» **Assignment**
What is needed is a faithful transcription of all the data below, pictures excluded.

» **Material provided**
****

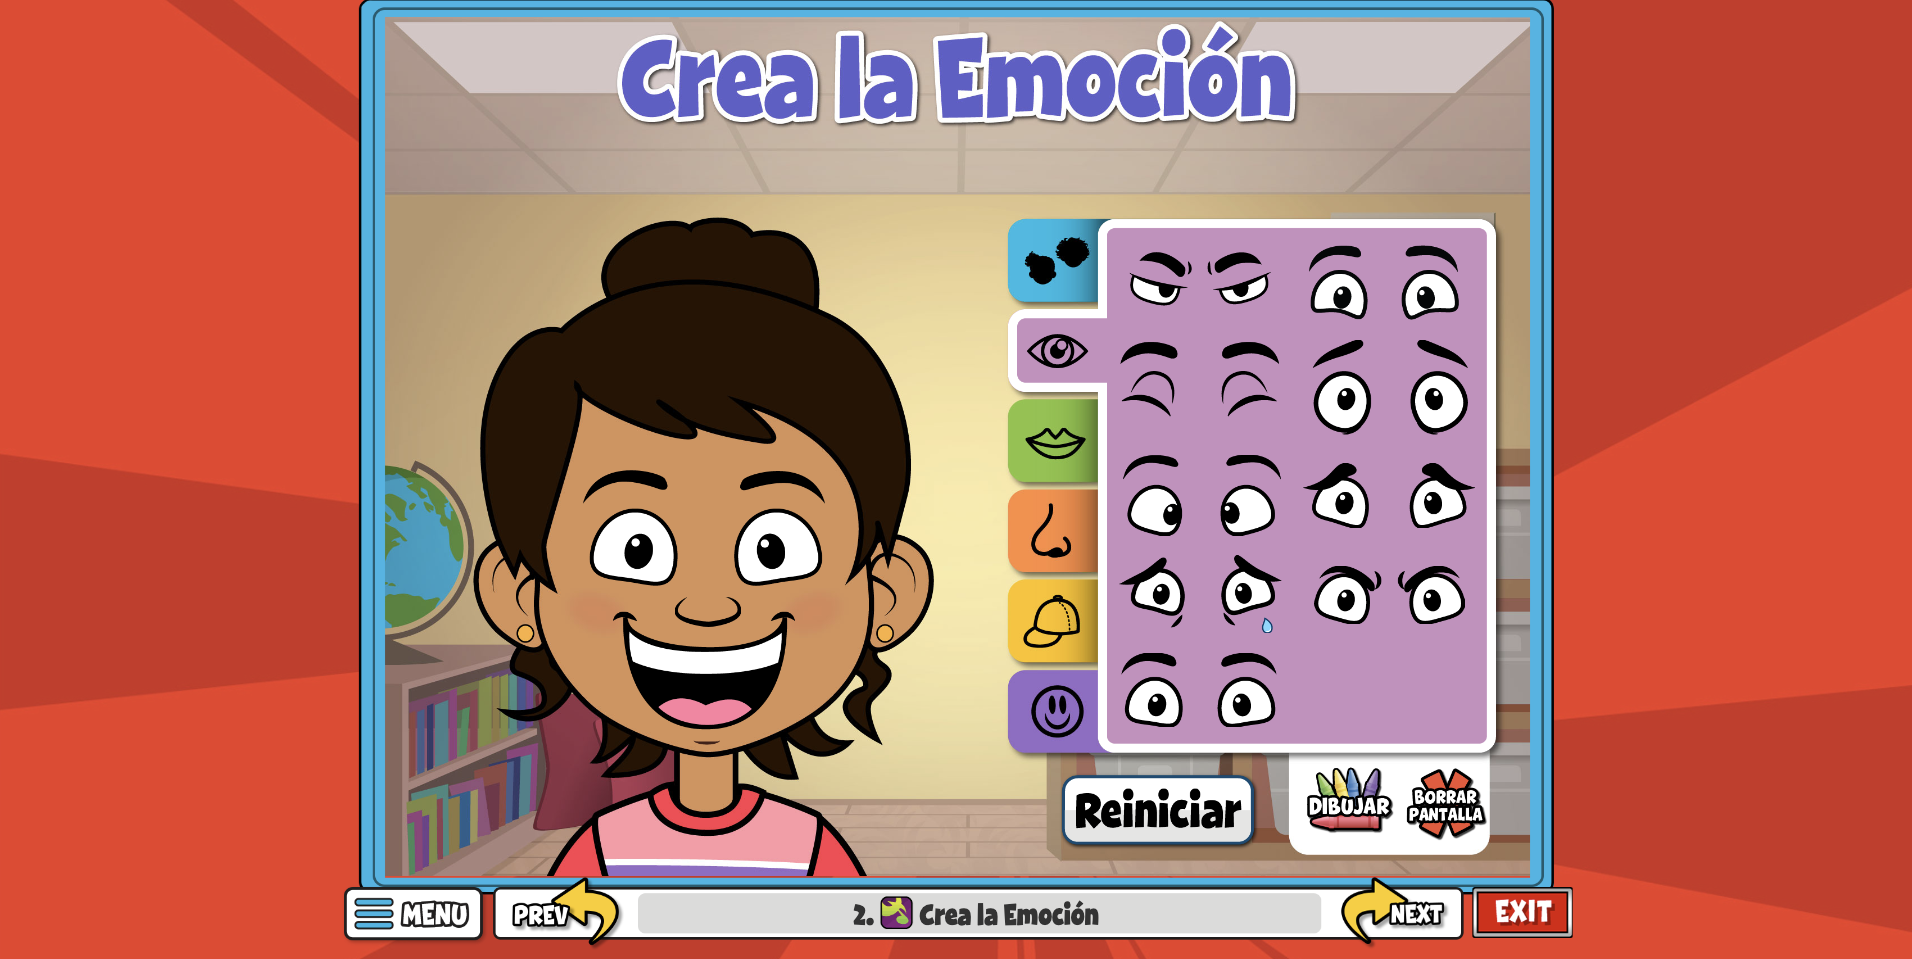 screen from crea la emocion showing an interactive where you can create characters with different emotional expressions.
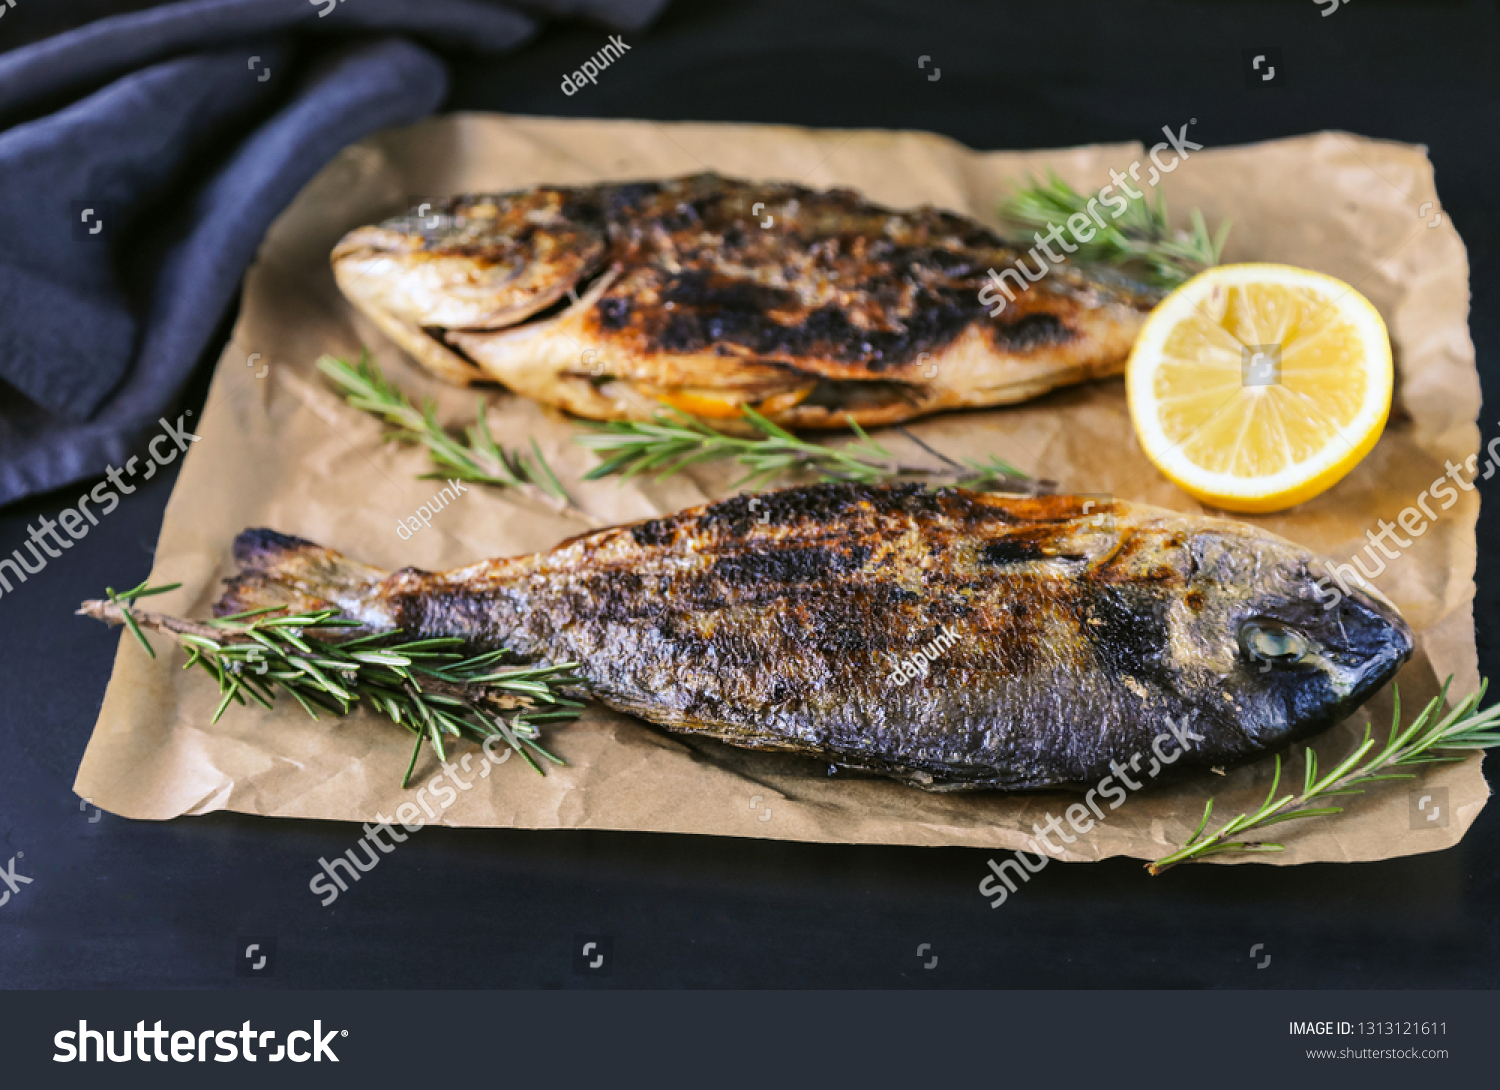 Grilled bream fish with herbs and spices on black background. #1313121611
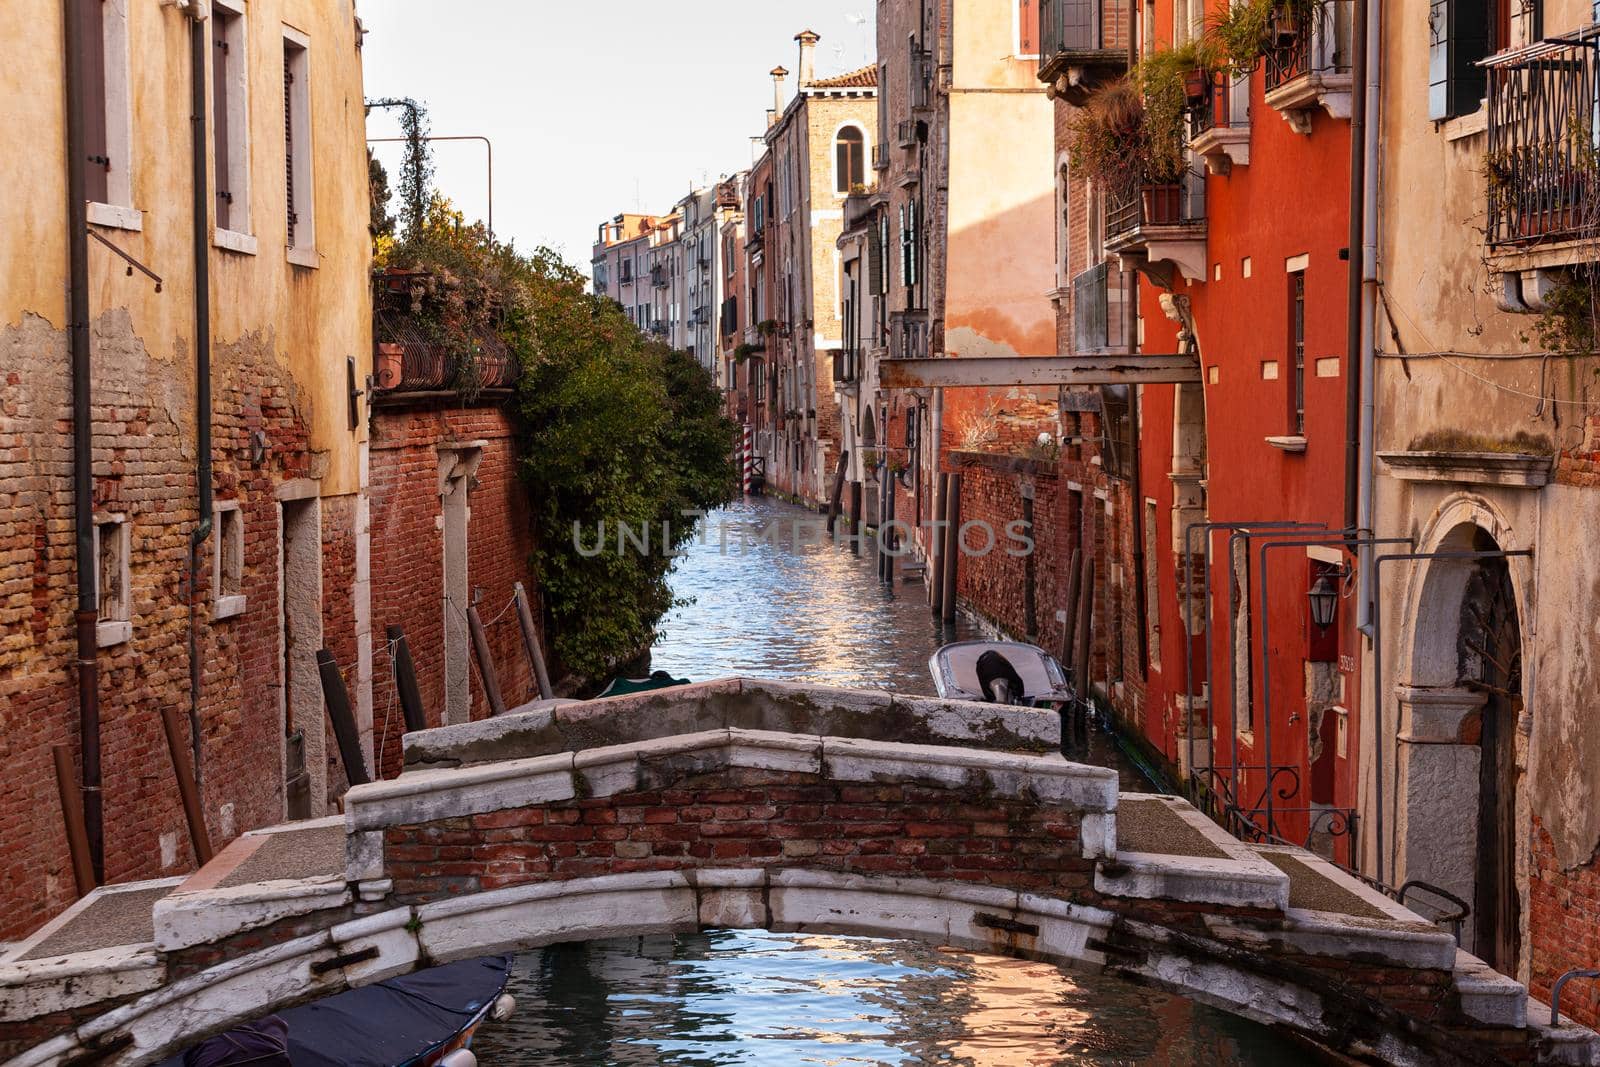 The old bridge made with red bricks on the typical canal in Venice by bepsimage

****

» **Finished task**
 screen from crea la emocion showing an interactive where you can create characters with different emotional expressions.
 Grilled bream fish with herbs and spices on black background. #1313121611
 The old bridge made with red bricks on the typical canal in Venice by bepsimage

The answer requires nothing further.